Ce sens quasiment maladif de la perfection s’accompagne d’une extrême discrétion de la part de Stanley Kubrick. Le cinéaste a refusé la majeure partie des interviews, choisissant quelques journalistes ou critiques à qui il accordait des suggestions, plus que des réponses. L’exposition n’apporte pas beaucoup plus d’éléments, même si on peut observer l’arrière du décor, les dessins et maquettes de préparation pour les films, les moyens techniques novateurs mis en place pour tel ou tel film. De nombreux objets mythiques (la canne d’Orange mécanique, la hache de Shining, le casque de Full Metal Jacket) parsèment aussi l’exposition, ainsi que des documents originaux, tels que les scénarios annotés de la main de Kubrick. Le spectateur en quête de réponses n’en trouvera pas vraiment, si ce n’est des indices, des fragments d’idées ici ou là. Le film qui reçoit le plus d’éléments est sans surprise 2001, Odyssée de l’espace : on y trouvera les maquettes des vaisseaux, du studio tournant, mais aussi des explications sur l’utilisation des marques ou encore sur la méthode utilisée pour la période préhistorique. Aucune réponse, cela dit, sur le film lui-même, sur son sens, là n’est pas le propos de l’exposition. Attention toutefois, l’exposition n’est pas sans spoiler : si vous n’avez jamais vu les films de Kubrick, attendez-vous à découvrir sans le vouloir quelques fins (cela peut être assez gênant, par exemple pour The Shining).

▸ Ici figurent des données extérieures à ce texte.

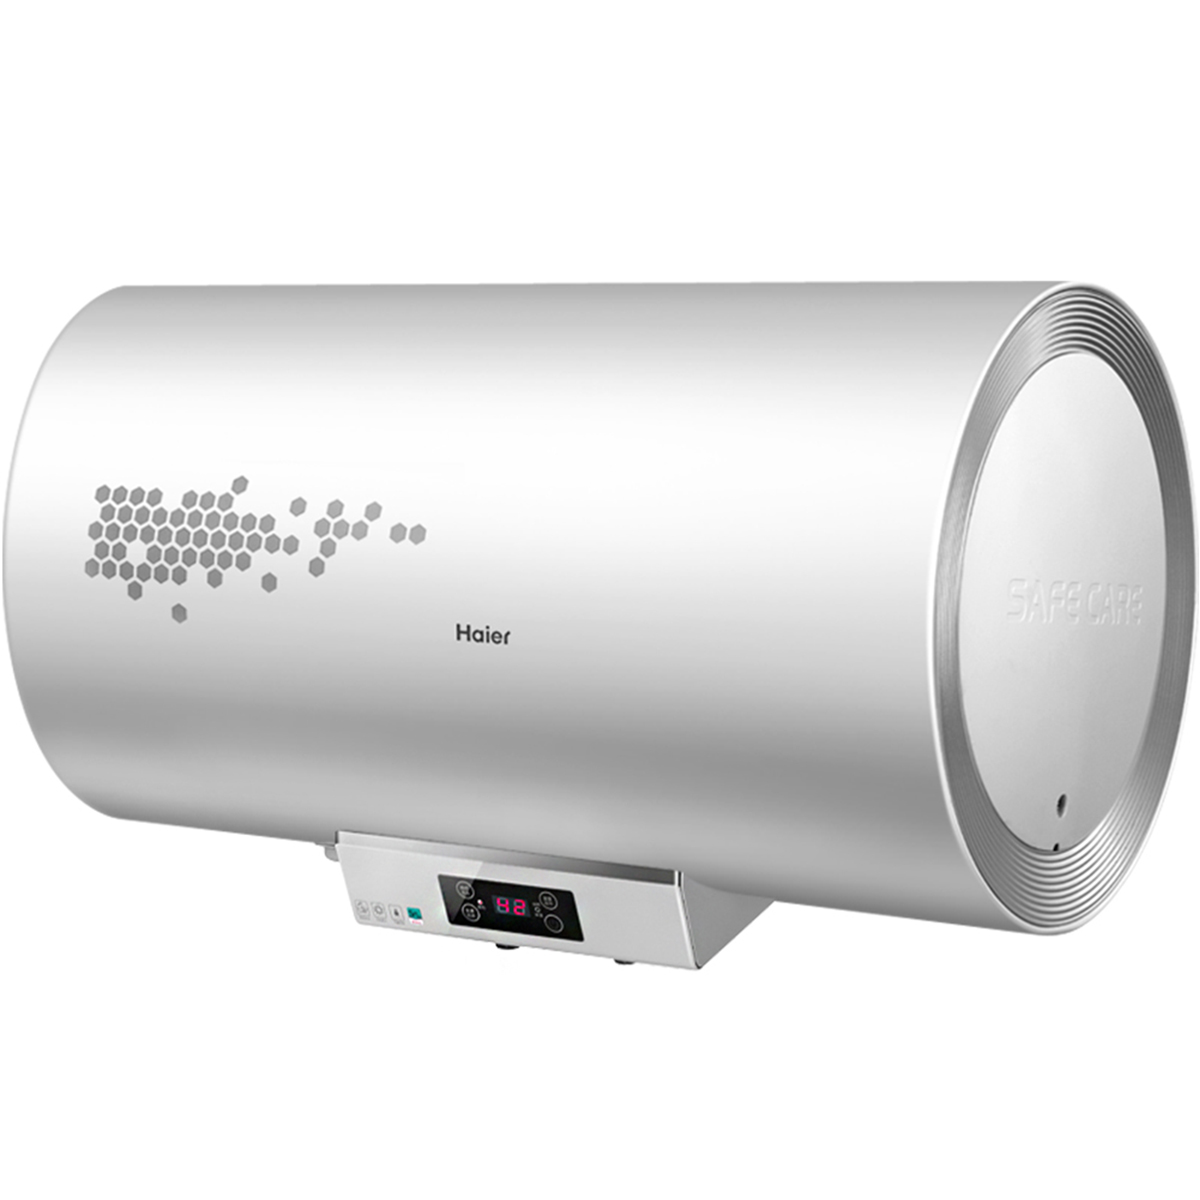 储水式电热水器如何安装—储水式电热水器安装方法 - 舒适100网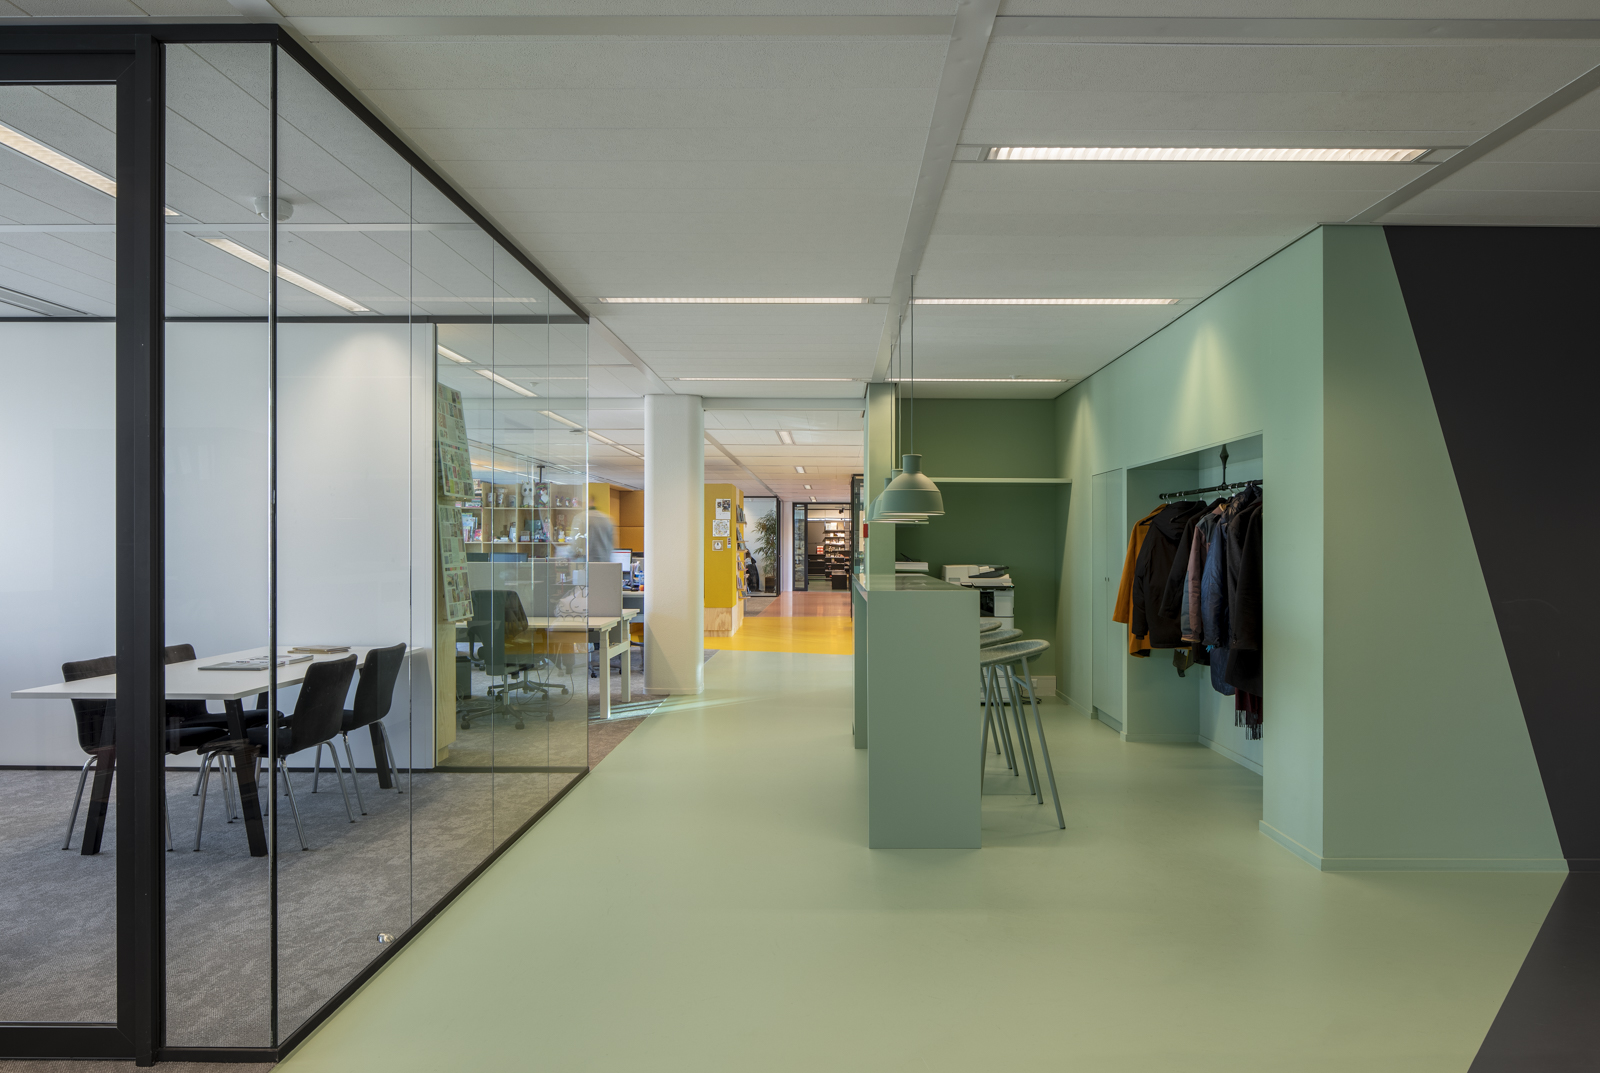 https://www.heyligersarchitects.nl/wp-content/uploads/2021/10/Bruna_03_interieur_heyligers_architect_kantoor_office_design_WoutervanderSar_19112100-32.jpg

Si vous aimez les films de Stanley Kubrick et que vous habitez à proximité de Paris, n’hésitez pas trop longtemps et ruez-vous à la Cinémathèque française. L’exposition connaît apparemment un franc succès, mais l’attente en vaut la peine. Même si ce n’est pas une obligation, les explications sur chaque film étant assez claires, il est préférable de connaître au moins une partie de la filmographie du cinéaste. L’intérêt pour les éléments présentés dans cette exposition dépend en partie de la connaissance du cinéma de Stanley Kubrick.